Targeted Deep Dives with @ Mentions
Once you have the high-level map, use @ mentions to drill into specific modules without wasting context tokens on irrelevant files5:
@src/billing/invoice_generator.py @src/billing/tax_calculator.py
Trace the invoice generation flow end to end. Identify:
1. Where business rules are encoded (vs configuration)
2. Which external services are called and what happens when they fail
3. Any implicit state dependencies between these modules
Plan Mode for Complex Systems
For particularly tangled codebases, /plan mode helps structure the exploration before committing to any approach5:
/plan
Map the dependency graph of the payment processing subsystem.
Identify circular dependencies, God classes, and modules that
violate single responsibility. Produce a prioritised list of
modules ranked by coupling and change frequency.
Plan mode presents Codex’s exploration strategy before execution, letting you redirect it if it is heading down an unproductive path. Since v0.124.0, you can start implementation in a fresh context after planning, preserving your token budget for the actual work6.
Running Existing Tests for Context
Codex can execute existing test suites to understand what the codebase actually does versus what the (possibly outdated) documentation claims:
Run the existing test suite and summarise:
- Which modules have test coverage and which do not
- What the tests actually verify (happy path only? edge cases?)
- Any tests that are currently failing or skipped
This is safe under workspace-write sandbox mode since test execution is read-only in practice. The results tell you which parts of the codebase have a safety net and which are flying blind.
Phase 2: Documentation — Creating the Missing Map
The AGENTS.md Bootstrap
Before generating documentation, create an AGENTS.md that encodes what you have learned so far. This prevents Codex from losing context across sessions and ensures other team members (or agents) benefit from your exploration5:
codex /init
Then refine it with legacy-specific guidance:
Read the directory structure and refine AGENTS.md so it covers:
- The legacy stack and its conventions (naming, file layout, build system)
- Known tribal knowledge: which modules are fragile, which are stable
- Build, test, and lint commands
- Files and directories that must not be modified without approval
The ExecPlan Pattern
OpenAI’s code modernisation cookbook2 introduces the ExecPlan — a lightweight planning document that structures the entire modernisation effort. Create .agent/PLANS.md to define the format, then ask Codex to produce the first plan:
Create pilot_execplan.md following .agent/PLANS.md. Scope it to
the billing module. The plan should cover four outcomes:
- Inventory and diagrams
- Modernisation Technical Report content
- Target design and spec
- Test plan for parity
Use the ExecPlan skeleton with concrete references to actual
legacy files.
Generating the Inventory
The inventory phase is where AI comprehension delivers its largest return. Thoughtworks’ CodeConcise tool demonstrated a 66% reduction in reverse engineering time for COBOL modules — from six weeks to two per module7. Codex CLI achieves similar acceleration for any language it can read:
Create billing_overview.md with "Inventory" and "Modernisation
Technical Report" sections.
Inventory includes:
1. All source files grouped by type (models, services, utilities, config)

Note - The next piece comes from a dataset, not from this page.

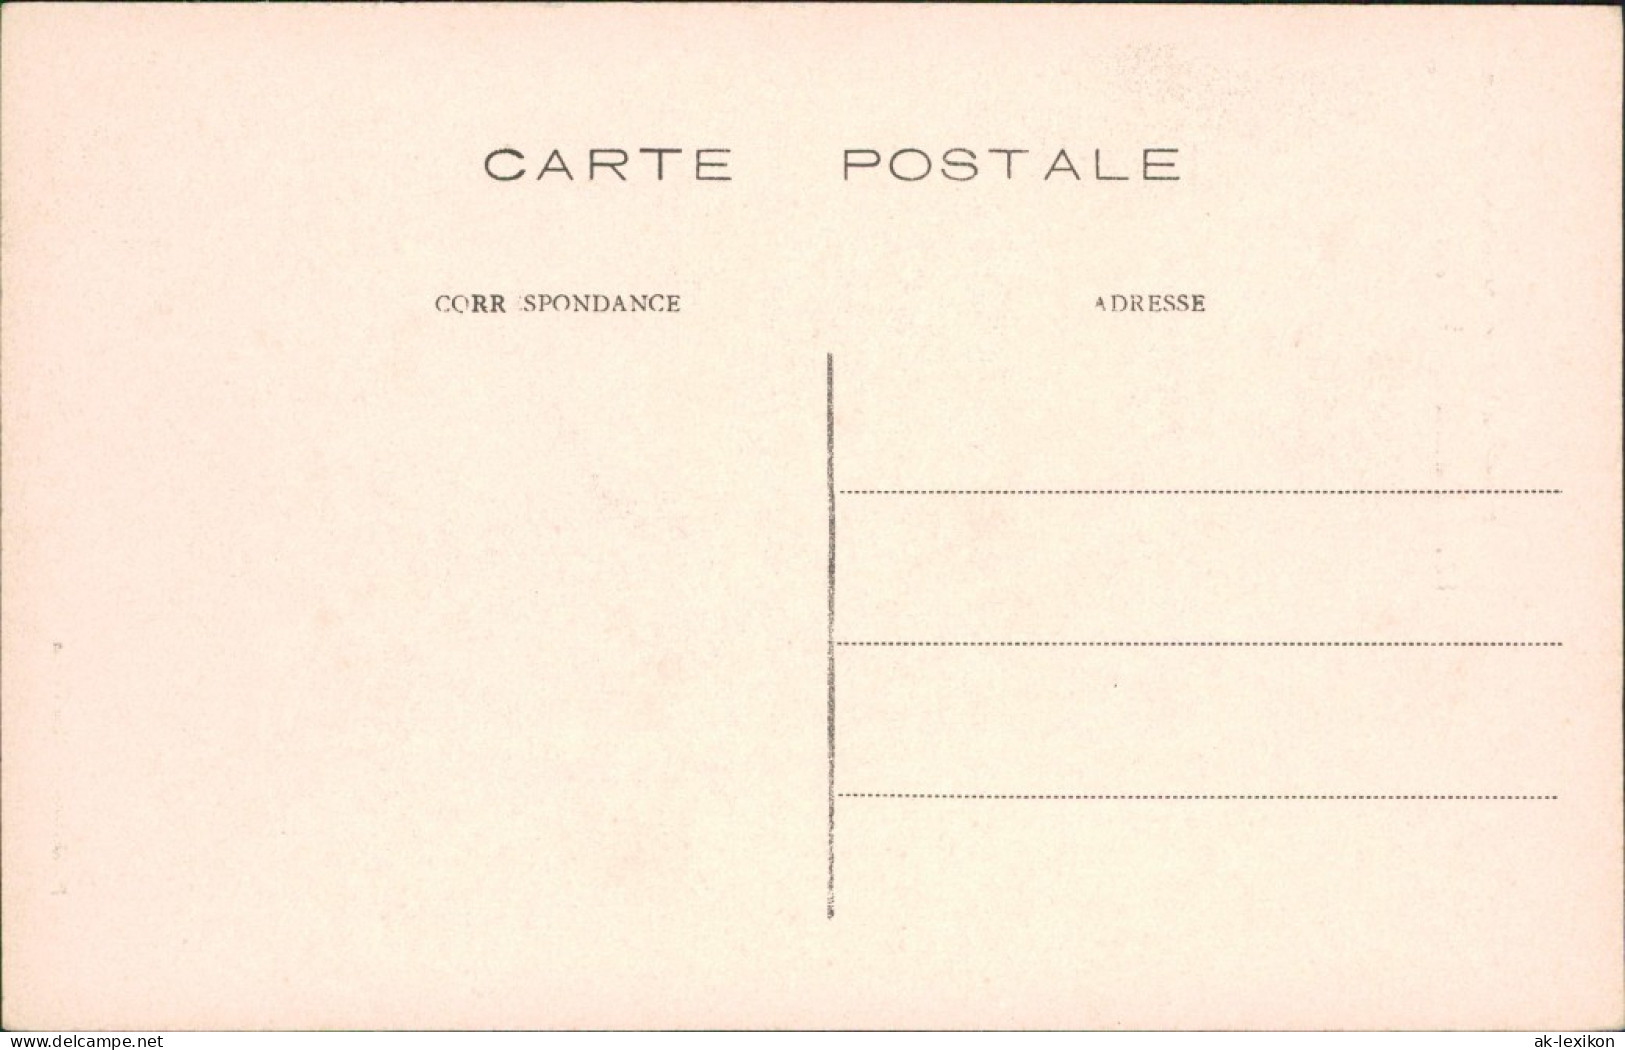 Postkaart Brüssel Bruxelles Palais De La Ville Liege - EXPO 1910  - Autres & Non Classés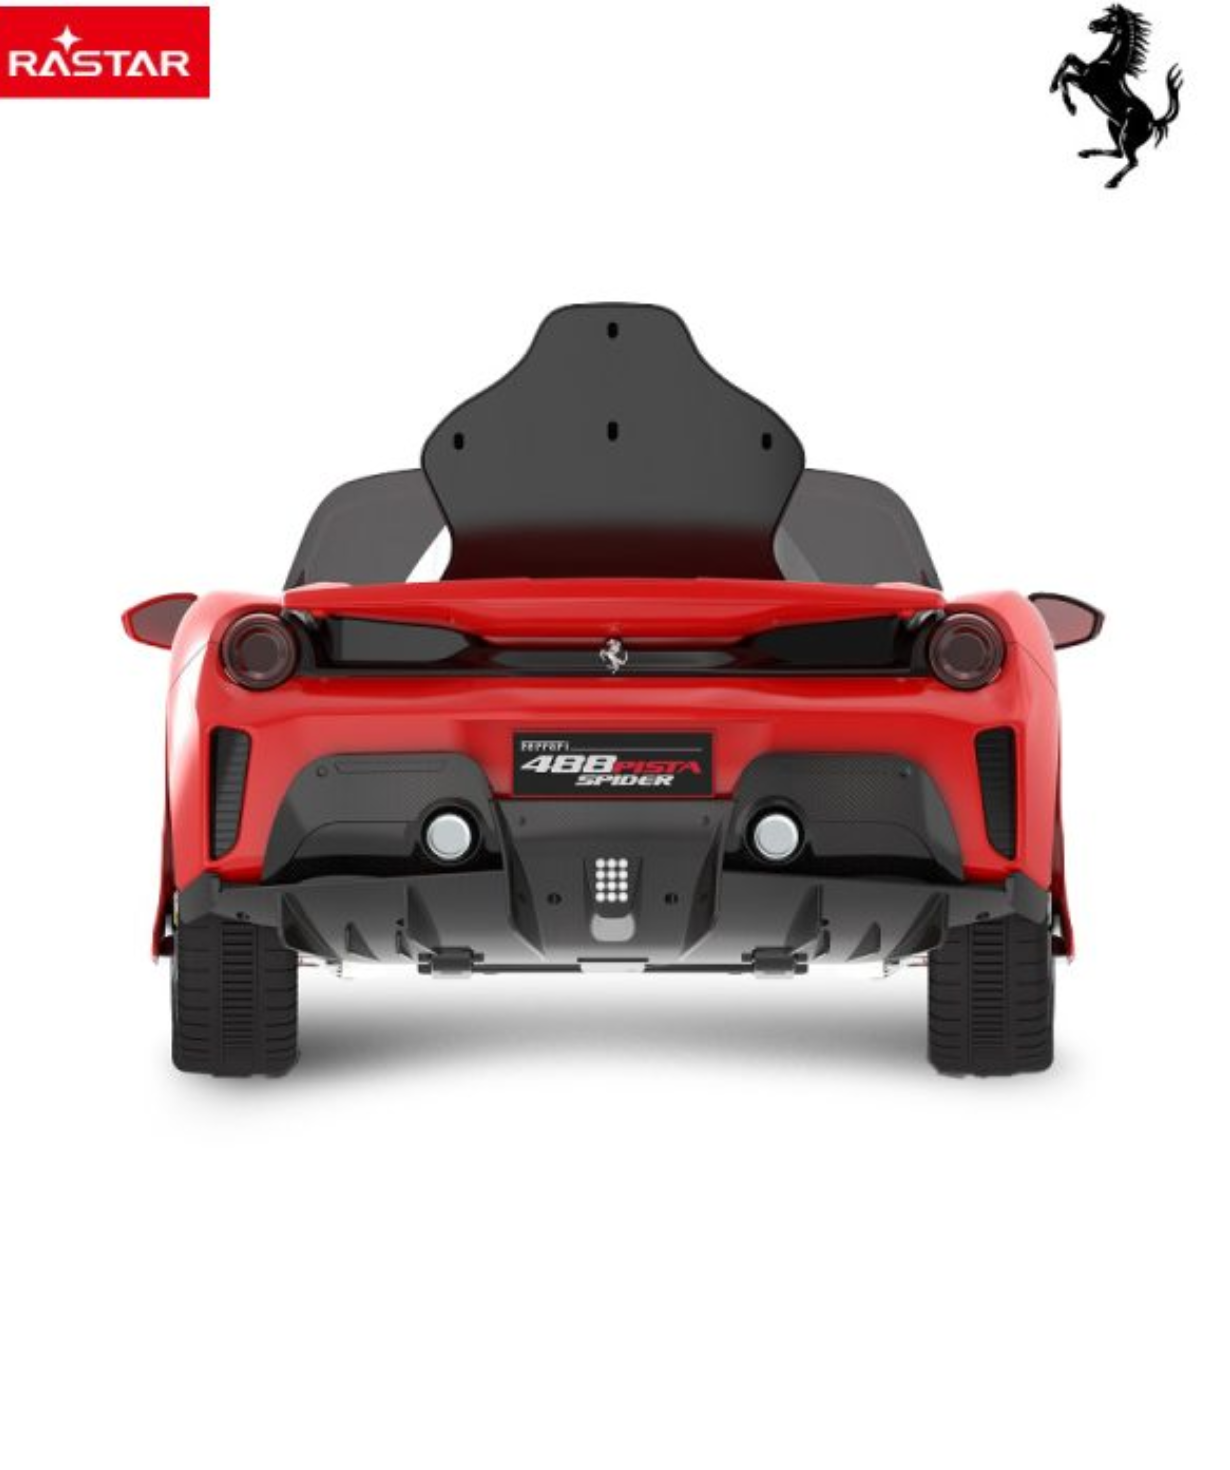 Car Rastar Ferrari r/c

2. Data sources read and written (databases, files, APIs)
3. External service dependencies with failure modes
Technical Report describes:
1. Business scenario in plain English
2. Detailed behaviour of each core module
3. Data model with field names and types
4. Technical risks: date handling, rounding, error codes, encoding
Mermaid Diagrams for Architecture Visualisation
Ask Codex to produce architecture diagrams in Mermaid format. These render directly in GitHub, GitLab, and most documentation systems:
graph TD
subgraph Legacy Billing
A[invoice_generator.py] -->|reads| B[(orders_db)]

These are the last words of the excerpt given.